1: Evitare le reti WiFi non protette

È importante ricordare che le reti WiFi aperte/gratuite non sono sicure. È difficile comprenderne il rischio, data la presenza di WiFi non protette praticamente ovunque. Tuttavia, la minaccia è reale, ed è incredibilmente semplice per i criminali intercettare i dati trasferiti su una rete WiFi non sicura, tra cui numeri di carta di credito, password, informazioni di account e molto altro.

Non bisogna confondere un luogo fidato con una rete affidabile. Molti negozi e ristoranti offrono WiFi gratuite. Possono essere luoghi familiari, ma non significa che si possa essere certi della sicurezza delle loro reti. Utilizzare WiFi aperte per navigare ed effettuare altre attività “non personali” è generalmente sicuro, ma è meglio evitare di effettuare acquisti e di accedere a uno dei propri account. Lo stesso discorso vale per le reti domestiche non protette: se non si aggiunge una password alla propria WiFi, non sarà più una rete privata, ma pubblica. Tutte le attività che verranno effettuate potranno essere a rischio hacker (o di vicini di casa curiosi con discrete capacità informatiche).

L’approccio migliore è di connettersi a una rete affidabile e sicura, tra cui anche la rete dati del proprio operatore di telefonia.

2: Evitare attacchi potenziali di phishing o smishing

Lo shopping online avviene tramite suggerimenti via email, contenenti link a un sito, che vengono aperti per procedere all’acquisto. Potrebbe sembrare un’azione innocua, sono molti i rivenditori che comunicano offerte speciali e sconti via email. Tuttavia, i cyber criminali traggono vantaggio da questi periodi più “ricchi” di posta, inviando messaggi pericolosi che imitano quasi alla perfezione quelli legittimi, e sono di conseguenza difficili da riconoscere.

Si tratta del famigerato phishing, che induce gli utenti a visitare siti fittizi non sicuri e a condividere credenziali di login, dati di carta di credito e altre informazioni confidenziali.

Chi utilizza dispositivi mobili deve essere consapevole che il phishing non si limita alle email, ed è possibile ricevere comunicazioni fraudolente e link pericolosi anche via SMS – tecnica nota come smishing – o attraverso sistemi di messaggistica sui social network.

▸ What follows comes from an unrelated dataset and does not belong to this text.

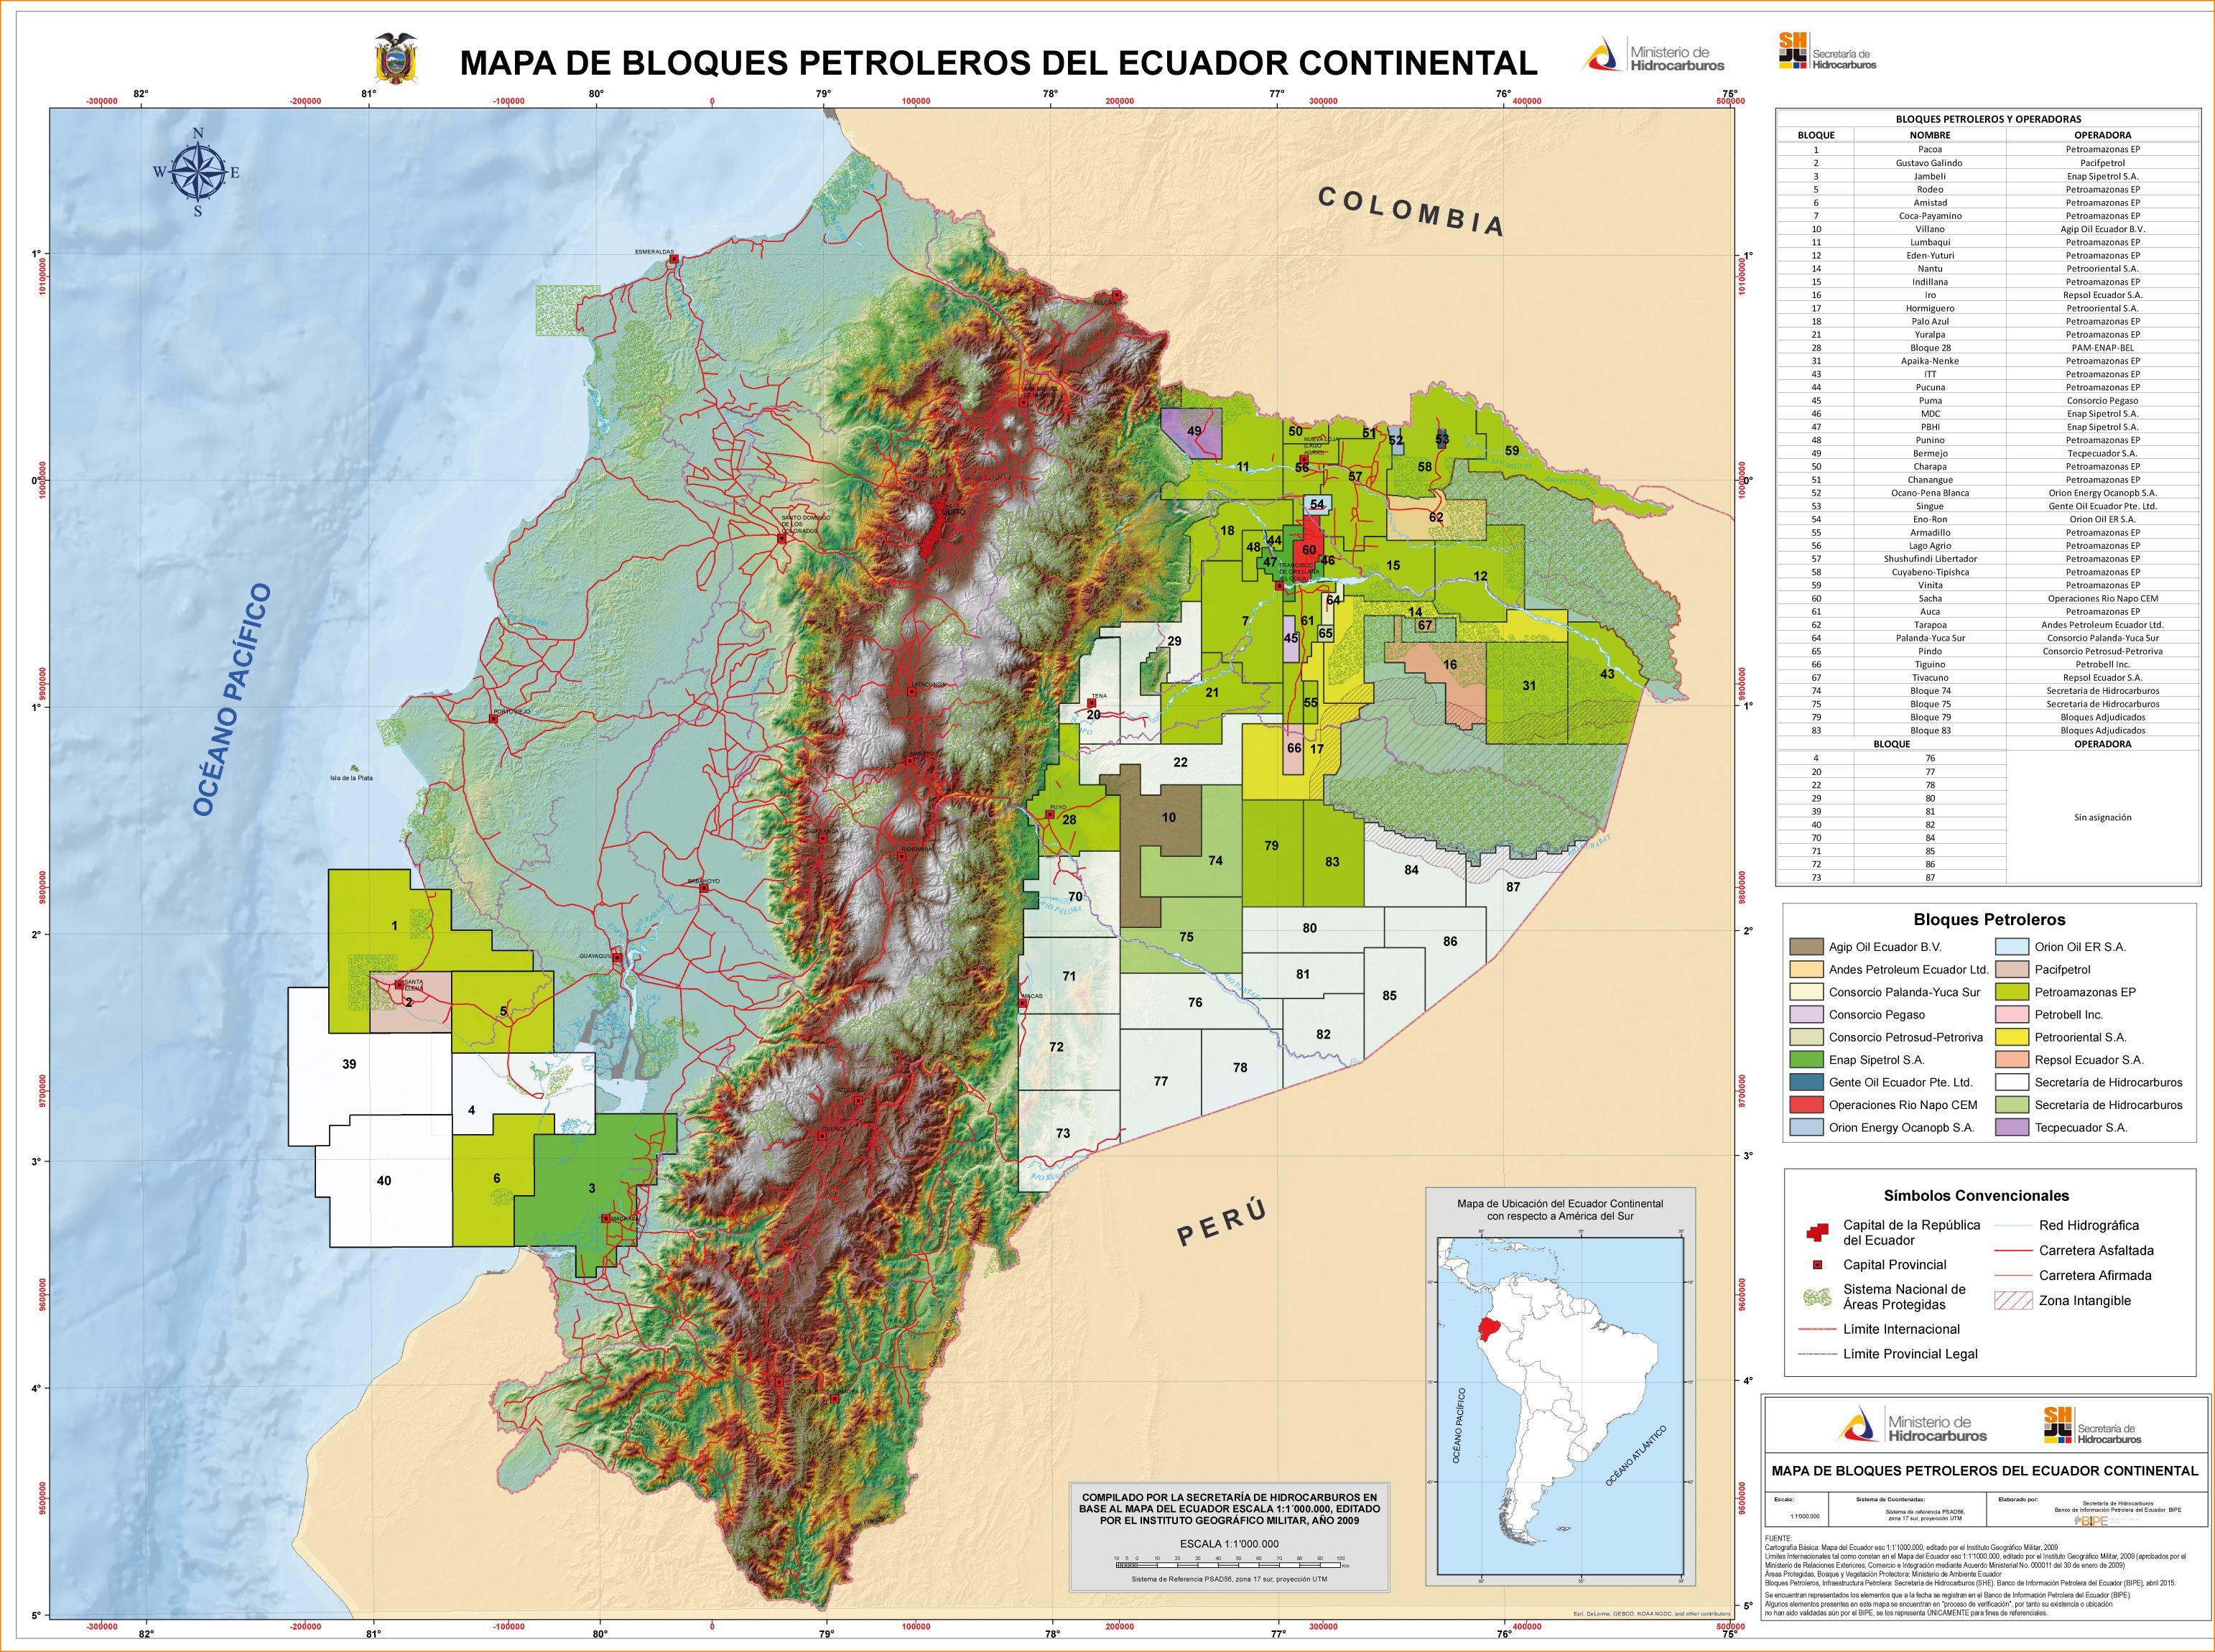 Map of petroleum blocks of Ecuador

È fondamentale fare molta attenzione ai link ricevuti tramite messaggio. Un anti-virus o anti-malware non potrà garantire protezione in caso di navigazione su un sito fraudolento. Il modo più semplice per evitare questi attacchi è di non aprire i link nei messaggi, ma digitare l’indirizzo direttamente su browser (Chrome, Safari, etc.) o di accedervi tramite applicazione ufficiale. In caso di codici per offerte speciali, è sufficiente inserirli in fase di checkout per verificare se siano reali o meno.

3: Verificare prima di acquistare

Collegato a quello precedente, merita attenzione specifica in quanto il traffico web non è generato solo da email, SMS e visite dirette ai siti. Si potrebbe capitare su un sito anche dopo una ricerca web (tramite Google, Bing, etc) o dopo aver aperto una pubblicità online o un link presenti in un’applicazione mobile o su un sito. Cyber criminali e truffatori hanno un approccio opportunistico, sono spesso senza scrupoli e attenti a monitorare trend di acquisto e temi caldi per rendere le proprie esche il più attraenti possibile. Di conseguenza, pubblicità, siti e applicazioni mobili fraudolenti possono essere molto difficili da distinguere rispetto agli originali, almeno all’inizio. Gli utenti si renderanno conto dell’inganno troppo tardi, quando ormai le informazioni saranno compromesse, il denaro rubato e i prodotti acquistati non arriveranno mai, con effetti che potrebbero trasformarsi in un incubo.

Come evitare tutto questo? Visitare direttamente un sito o utilizzare l’app ufficiale. In caso di nuove applicazioni o di siti non familiari, effettuare alcune verifiche, controllare la presenza di eventuali lamentele da parte di altri clienti e le loro esperienze e se il sito non sembra convincente, è meglio abbandonarlo e affidarsi a un portale più affidabile.